Maintaining healthy pipelines#
Maintaining good pipelines requires continued attention: just like how a plant needs to be regularly watered, nurtured and pruned to keep it healthy! Try to build up these habits to keep your pipeline organized, tidy and working correctly.
Update your README as you go#
It’s important to keep the README up to date to accurately reflect how to run the workflow. Remember to update all information required to run the workflow such as:
What order to run the pipeline scripts
The data sets required to start the workflow
The software a user needs to run the pipeline (R packages, command line tools, etc), including any version constraints. A good practice: at the end of each day that you work on the code, take a few minutes to skim through the
READMEand make any changes required to keep it up-to-date.

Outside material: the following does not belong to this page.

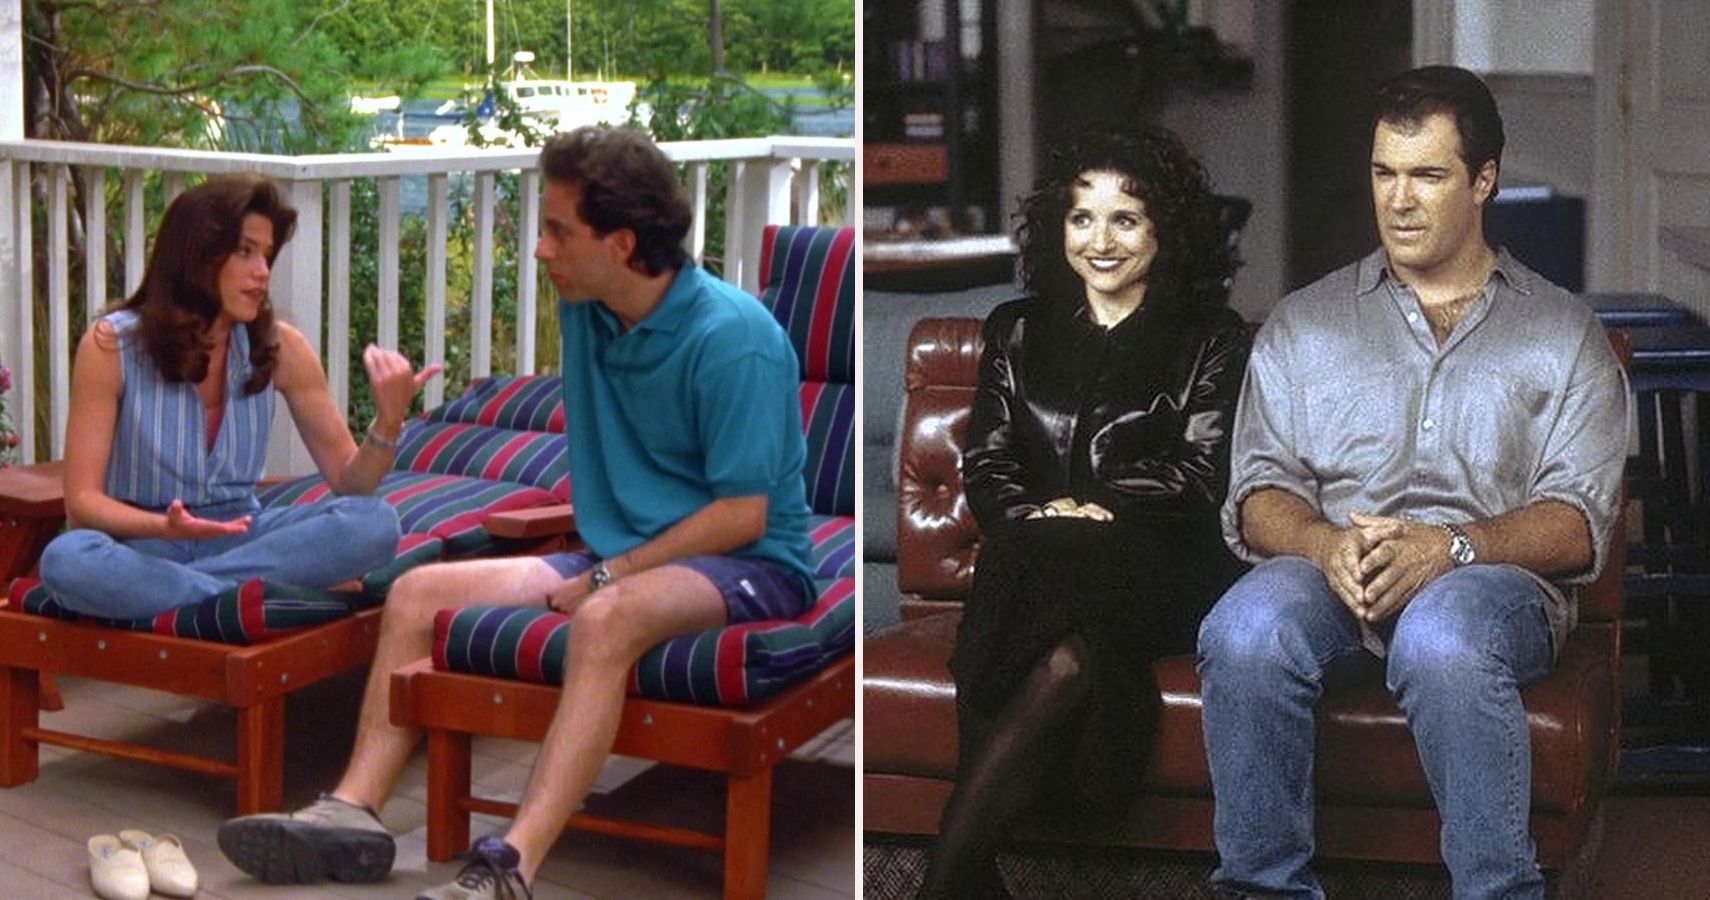 Seinfeld Couples Featured

Test your code frequently#
As you make changes to your code, it’s important to frequently check that not only your new changes work, but that nothing else in the pipeline has broken through those changes!
Aim to write scripts that:
Run from top to bottom without manual intervention.
Log useful messages or errors.
Use assertions to automatically check that computations have been performed correctly.
Regularly run the whole workflow end-to-end to ensure it all works together.
Where possible, using automated checks and tests in your code is preferable to performing manual checks, since these run every time your code is run (or, in the case of unit tests , can be run separately all in one go).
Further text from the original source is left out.